I think this would do me just fine for a work desk

A peaceful spot at Tieve Tara: I think this would do me just fine as a work desk

The brain is an incredibly complex structure. Its functionality amazes me more with each passing year. Not that mine is operating more effectively as time goes on: au contraire, it seems to baffle and bamboozle me to higher and higher levels.

A garden is not complete without ducks or geese; this one is for you, Jessica!

A garden is not complete without ducks or geese; this one is for you, Jessica!

I found myself making the comment, this week, ‘what are gardens for, if not to evoke emotions?’. It was in response to someone defending the fact that amateur gardens with years of history are not necessarily inferior to those designed by the most expert professional. Despite my chosen career, I completely agree with his sentiment. They are often very different, but it doesn’t make them inferior.

Lisa Ellis garden design

Lisa Ellis’ tweet: ‘Gardens should evoke emotion- just who wouldn’t want to join those bejewelled sheep on that lawn?’ (Photo and design by Lisa Ellis)

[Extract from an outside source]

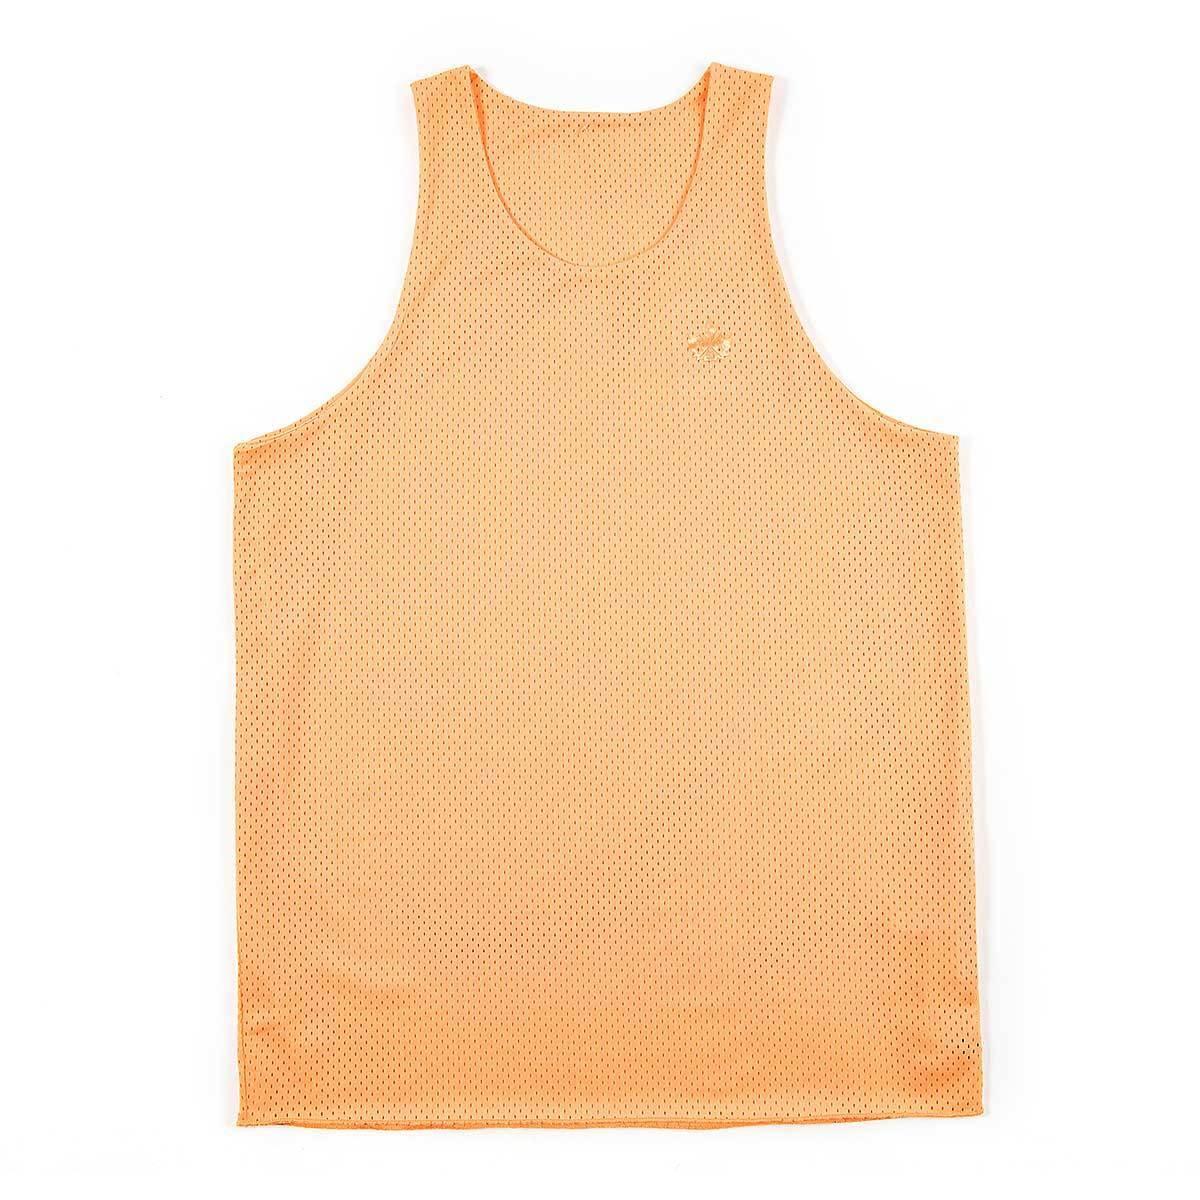 K1X Basketball Reversible Pastel Mesh Jersey Apricot

When I logged on to Twitter the following day, I noticed a tweet from garden designer, Lisa Ellis; one with such a beautiful photo and sentiment that I had recently retweeted it myself. It started, ‘gardens should evoke emotion….’. As original as I’d thought I’d been, it seems probable that Lisa’s words had stuck in my mind and subconsciously resurfaced as, I thought, my own. I imagine a team of minuscule, if very hard working, elves winding cogs and taking messages from one part of my brain to another; all sorts of activity going on inside my head that I have no control or idea of. I’m not sure whether to be in awe or down right scared but it does amaze me, how the brain works.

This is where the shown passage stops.